有了当月的各项数据，使得添加上个月或是前几个月的某些特征可行。最先想到的肯定是上个月的数据，也就是前1个月。

# 上月 商店+商品组合销量
temp = matrix[['date_block_num','shop_id','item_id','item_cnt_month']]
temp1 = temp.copy()
temp1["date_block_num"] += 1
temp1.columns = ['date_block_num','shop_id','item_id','item_cnt_month_1']
matrix = matrix.merge(temp1,on=['date_block_num','shop_id','item_id'],how='left')

# 上月 商店销售均值
temp = matrix[['date_block_num','shop_id','item_id','shop_month_mean']]
temp1 = temp.copy()
temp1["date_block_num"] += 1
temp1.columns = ['date_block_num','shop_id','item_id','shop_month_mean_1']
matrix = matrix.merge(temp1,on=['date_block_num','shop_id','item_id'],how='left')

# 上月 商品销售均值
temp = matrix[['date_block_num','shop_id','item_id','item_month_mean']]
temp1 = temp.copy()
temp1["date_block_num"] += 1
temp1.columns = ['date_block_num','shop_id','item_id','item_month_mean_1']
matrix = matrix.merge(temp1,on=['date_block_num','shop_id','item_id'],how='left')

# 上月 商品类销售均值
temp = matrix[['date_block_num','shop_id','item_id','item_category_mean']]
temp1 = temp.copy()
temp1["date_block_num"] += 1
temp1.columns = ['date_block_num','shop_id','item_id','item_category_mean_1']
matrix = matrix.merge(temp1,on=['date_block_num','shop_id','item_id'],how='left')

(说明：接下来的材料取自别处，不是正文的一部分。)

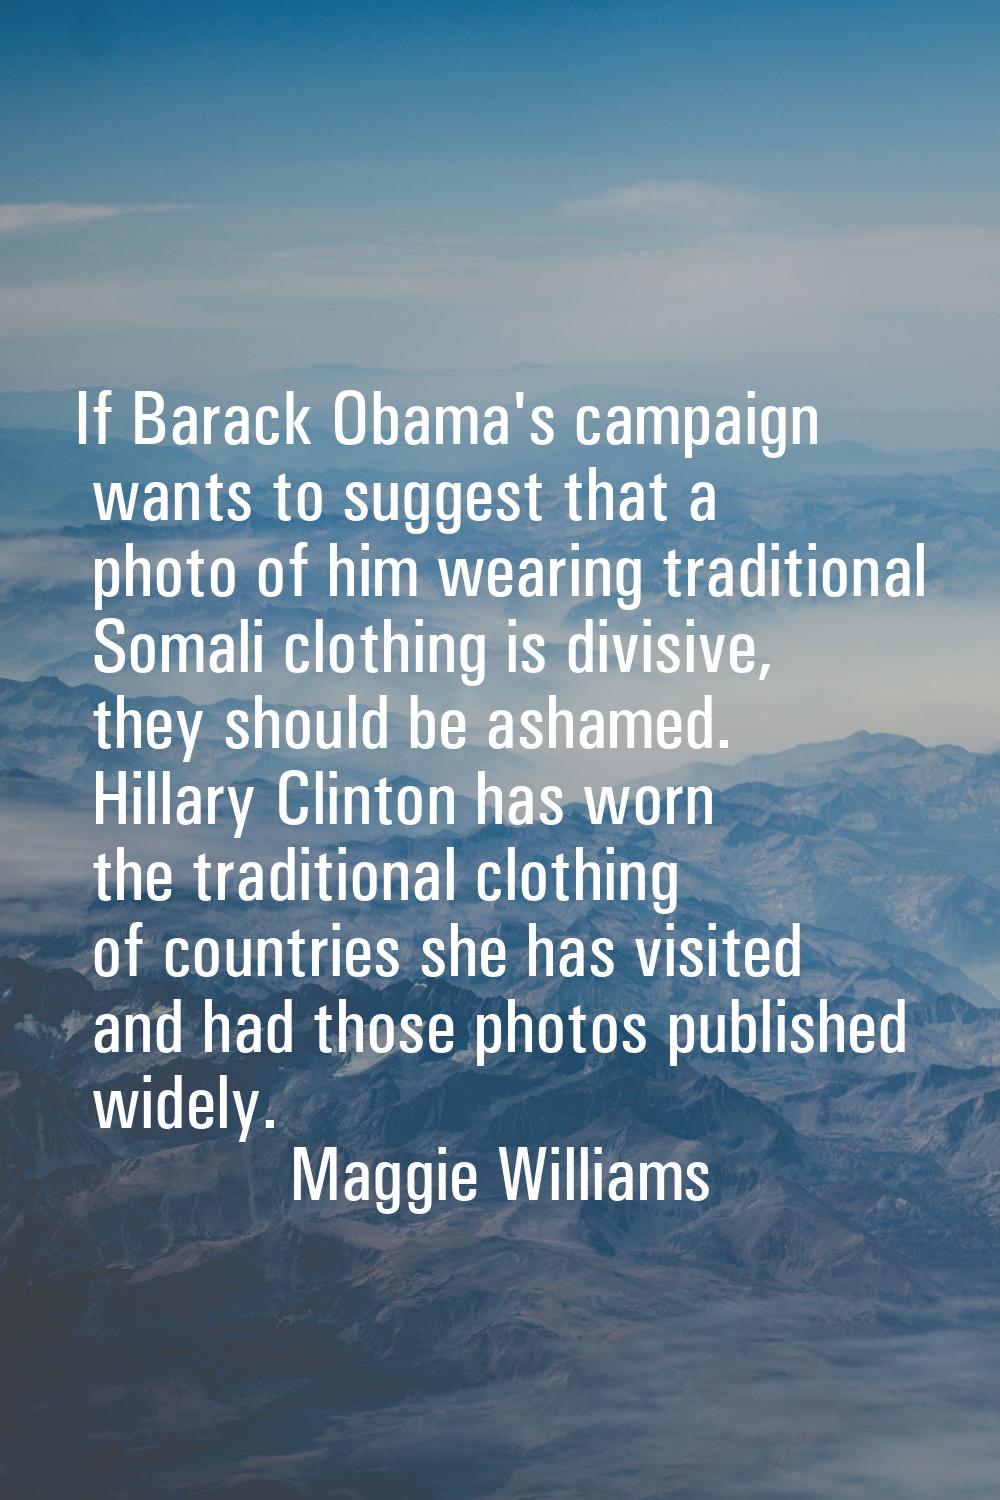 If Barack Obama's campaign wants to suggest that a photo of him wearing traditional Somali clothing

最开始的时候有用这些特征直接去跑模型，效果还凑合，不过很明显还是不够的。觉得也许多看几个周期会好一点，于是继续增加了前3个月、前6个月指标。

3个月前：

# 3个月前 商店+商品组合销量
temp = matrix[['date_block_num','shop_id','item_id','item_cnt_month']]
temp1 = temp.copy()
temp1["date_block_num"] += 3
temp1.columns = ['date_block_num','shop_id','item_id','item_cnt_month_3']
matrix = matrix.merge(temp1,on=['date_block_num','shop_id','item_id'],how='left')

# 3个月前 商店销售均值
temp = matrix[['date_block_num','shop_id','item_id','shop_month_mean']]
temp1 = temp.copy()
temp1["date_block_num"] += 3
temp1.columns = ['date_block_num','shop_id','item_id','shop_month_mean_3']
matrix = matrix.merge(temp1,on=['date_block_num','shop_id','item_id'],how='left')

# 3个月前 商品销售均值
temp = matrix[['date_block_num','shop_id','item_id','item_month_mean']]
temp1 = temp.copy()
temp1["date_block_num"] += 3
temp1.columns = ['date_block_num','shop_id','item_id','item_month_mean_3']
matrix = matrix.merge(temp1,on=['date_block_num','shop_id','item_id'],how='left')

# 3个月前 商品类销售均值
temp = matrix[['date_block_num','shop_id','item_id','item_category_mean']]
temp1 = temp.copy()
temp1["date_block_num"] += 3
temp1.columns = ['date_block_num','shop_id','item_id','item_category_mean_3']
matrix = matrix.merge(temp1,on=['date_block_num','shop_id','item_id'],how='left')

6个月前：

# 6个月前 商店+商品组合销量
temp = matrix[['date_block_num','shop_id','item_id','item_cnt_month']]
temp1 = temp.copy()
temp1["date_block_num"] += 6
temp1.columns = ['date_block_num','shop_id','item_id','item_cnt_month_6']
matrix = matrix.merge(temp1,on=['date_block_num','shop_id','item_id'],how='left')

# 6个月前 商店销售均值
temp = matrix[['date_block_num','shop_id','item_id','shop_month_mean']]
temp1 = temp.copy()
temp1["date_block_num"] += 6
temp1.columns = ['date_block_num','shop_id','item_id','shop_month_mean_6']
matrix = matrix.merge(temp1,on=['date_block_num','shop_id','item_id'],how='left')

# 6个月前 商品销售均值
temp = matrix[['date_block_num','shop_id','item_id','item_month_mean']]
temp1 = temp.copy()
temp1["date_block_num"] += 6
temp1.columns = ['date_block_num','shop_id','item_id','item_month_mean_6']
matrix = matrix.merge(temp1,on=['date_block_num','shop_id','item_id'],how='left')

# 6个月前 商品类销售均值
temp = matrix[['date_block_num','shop_id','item_id','item_category_mean']]
temp1 = temp.copy()
temp1["date_block_num"] += 6
temp1.columns = ['date_block_num','shop_id','item_id','item_category_mean_6']
matrix = matrix.merge(temp1,on=['date_block_num','shop_id','item_id'],how='left')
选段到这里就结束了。